En attendant que de nouvelles drag queens prennent le relais, les dix candidates prévoient de capitaliser sur leur notoriété après le show. L’ensemble du casting, accompagné de l’animatrice Nicky Doll, part à la rentrée pour une tournée en France et en Belgique intitulée Drag Race France live. Elle débutera par trois spectacles au Casino de Paris. Chacun poursuivra ensuite sa carrière séparément. Paloma rejoindra la 5e saison de la série Balthazar sur TF1. La Grande Dame, habituée des défilés de mode, aimerait avoir une chronique radio ou faire de la télévision. “Nous avons hâte de faire Fort Boyard avec Soa et Paloma”, plaisante-t-il. Soa de Muse, que l’on retrouve dès la rentrée dans son cabaret du 18e arrondissement de Paris, espère pouvoir se produire en France et à l’étranger. Le reste de la communauté drag française peut-elle bénéficier de la dynamique Drag Race ? Depuis quelques années, les scènes de drag se développent un peu partout en France, à Bordeaux, Nice, etc. Cependant, pendant le spectacle, les concurrents ont mentionné à plusieurs reprises les difficultés qu’ils avaient à vivre de leur art. Paloma veut croire que les choses iront mieux. “J’espère que les organisateurs des soirées, ceux qui embauchent des drag queens nous considéreront comme des travailleurs à temps partiel, comme des artistes et nous paieront correctement. Mais ça ne va pas être aussi simple. Et il ajoute : « Il faut penser aux conflits locaux. Drag Race c’est très bien, mais c’est une vision très particulière du drag, c’est une compétition et le drag c’est bien d’autres choses, il y a des milliers d’autres aspects. » Lors d’interviews, plusieurs concurrents de Drag Race France ont insisté sur leur volonté de ne pas trop tirer la couverture. “Je pense que ça va vraiment changer le quotidien des dragueurs”, assure La Grande Dame. Nous étions vraiment au début d’une percée pour beaucoup de gens. Nous serons très bien entretenues, très bien payées, mais notre grande crainte est que les autres filles ne soient pas revalorisées à leur juste valeur. J’ai l’impression que nous avons été assez combatifs à propos de tout cela, et nous avons clairement indiqué que nous voulions changer les choses pour tout le monde, pas seulement pour nous. »
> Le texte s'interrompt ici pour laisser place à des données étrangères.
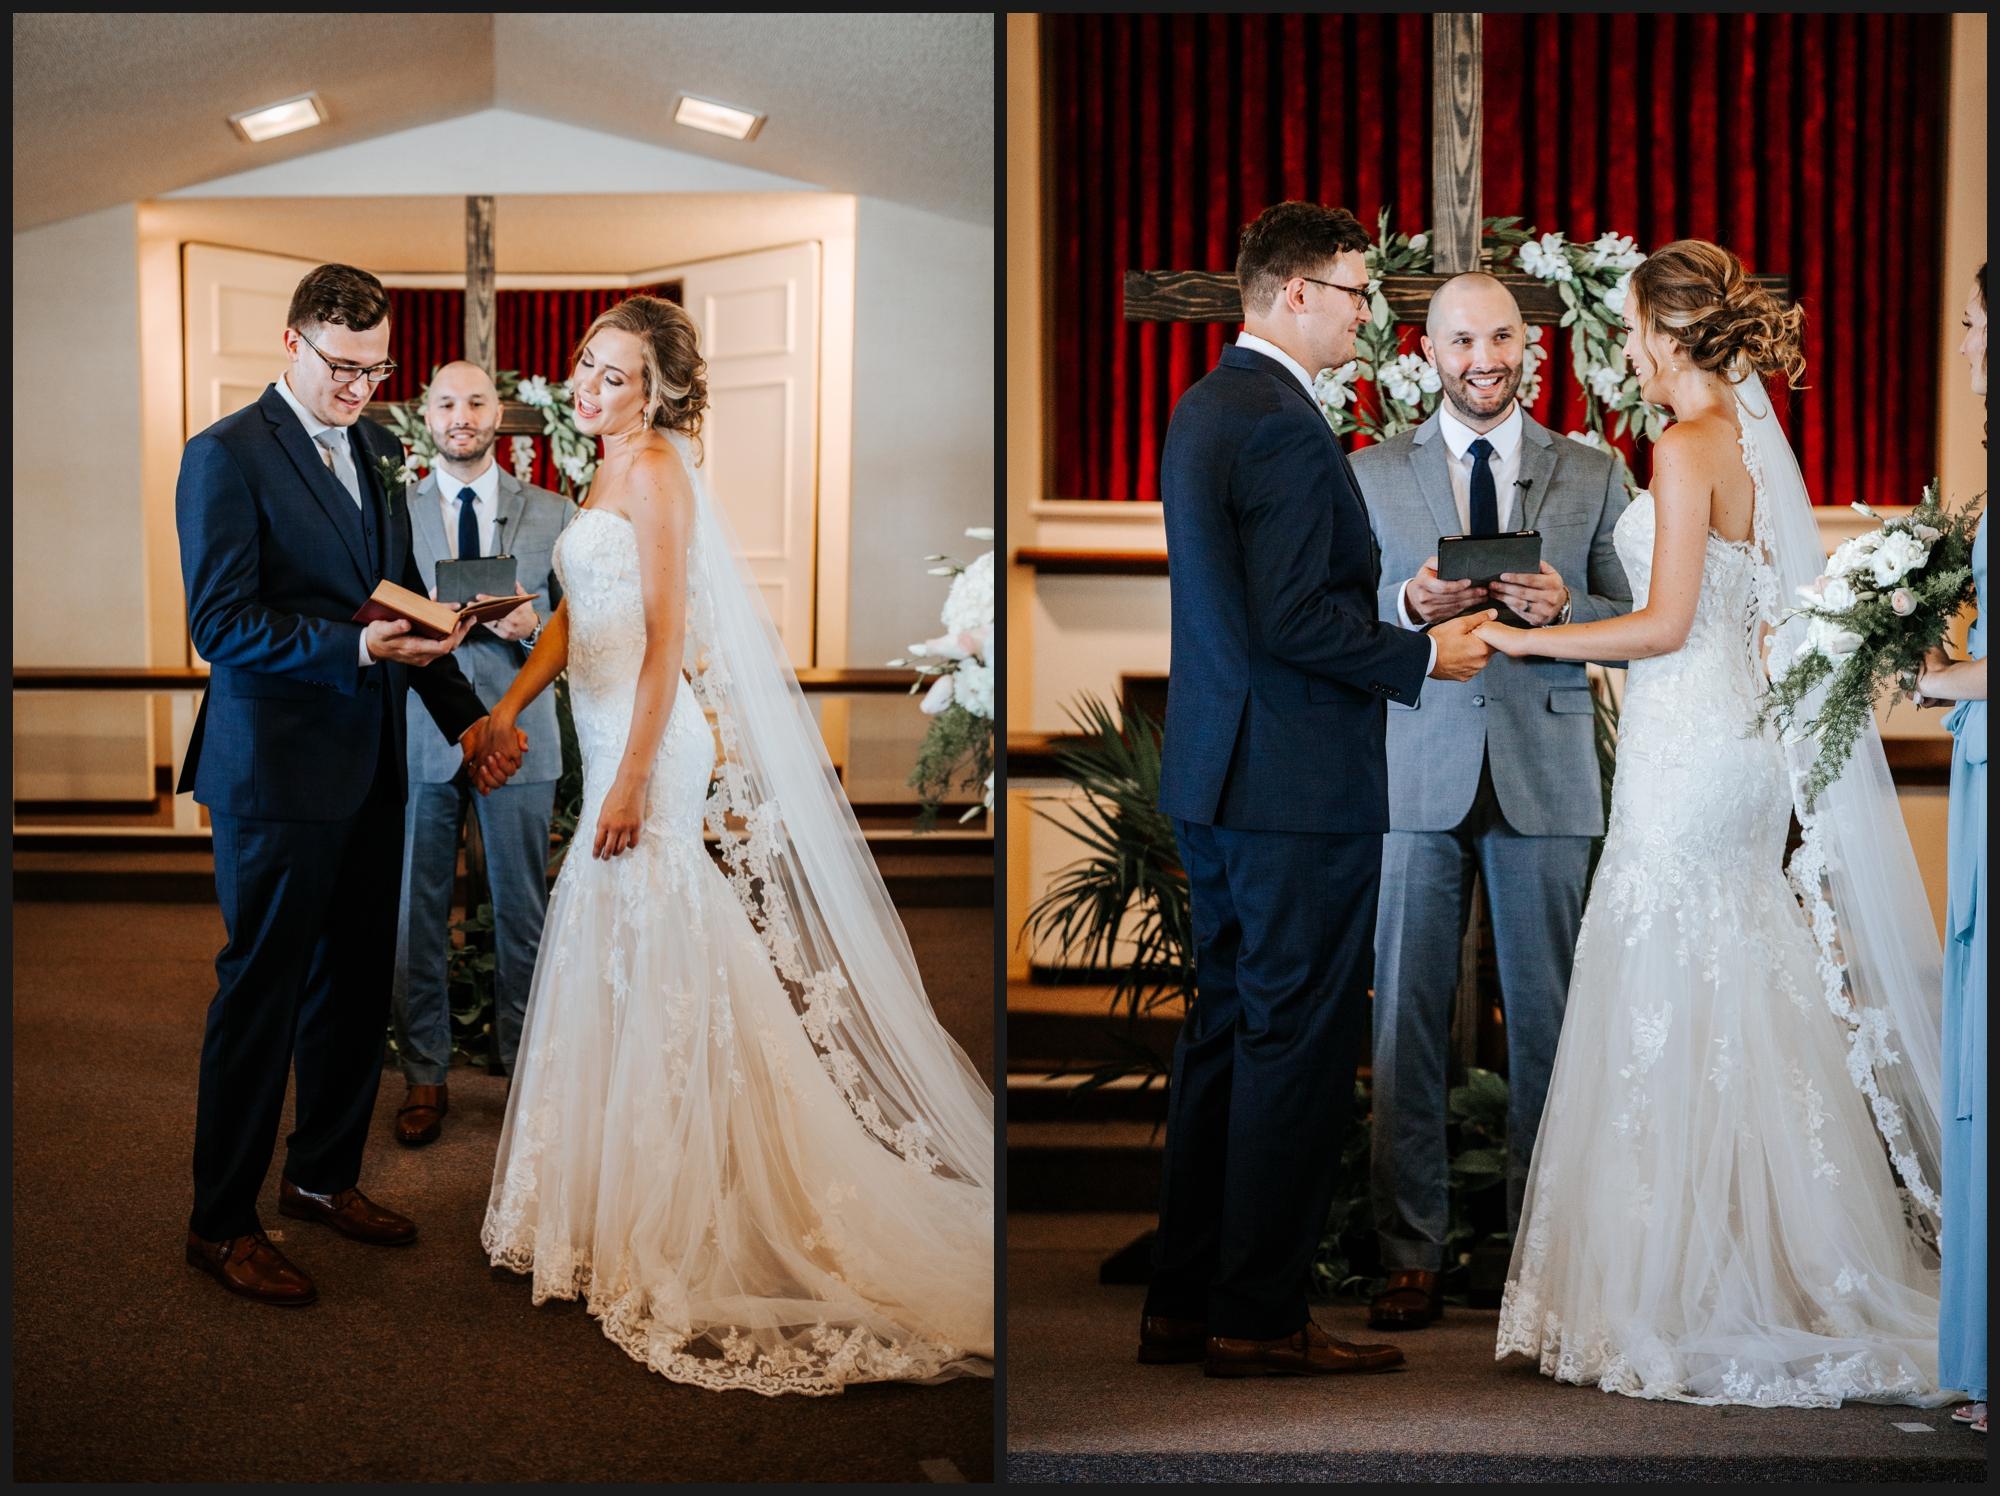 Orlando-Wedding-Photographer-destination-wedding-photographer-florida-wedding-photographer-bohemian-wedding-photographer_0017.jpg

La traînée de la “révolution”.

Au-delà de la scène drag, les drag queens peuvent-elles changer la société ? Lors du dernier épisode, le directeur artistique de Balmain Olivier Rousteing, qui était juge invité, a notamment confié à Soa de Muse et aux autres reines qu’il s’agissait d’une “révolution” pour la France. L’une des forces de cette distribution était sa diversité, tant artistique qu’identitaire. Un message de visibilité à destination du grand public, mais aussi de la communauté drag. Aux drag queens non blanches qui auraient du mal à s’affirmer, Soa lâche : « Tu as ta place et si on te dit que tu n’as pas ta place, tu déchires tout et tu t’affirmes. » D’ailleurs, la drag queen dont les parents sont martiniquais, note par exemple qu’ « en Martinique ça bouge déjà ! On ne sait pas pourquoi on n’est pas là, mais il y a beaucoup de gens queer, il y a beaucoup d’artistes. Mon rêve sera d’y aller, avec d’autres personnes avec qui je travaille déjà. La révolution de la traction vient de commencer.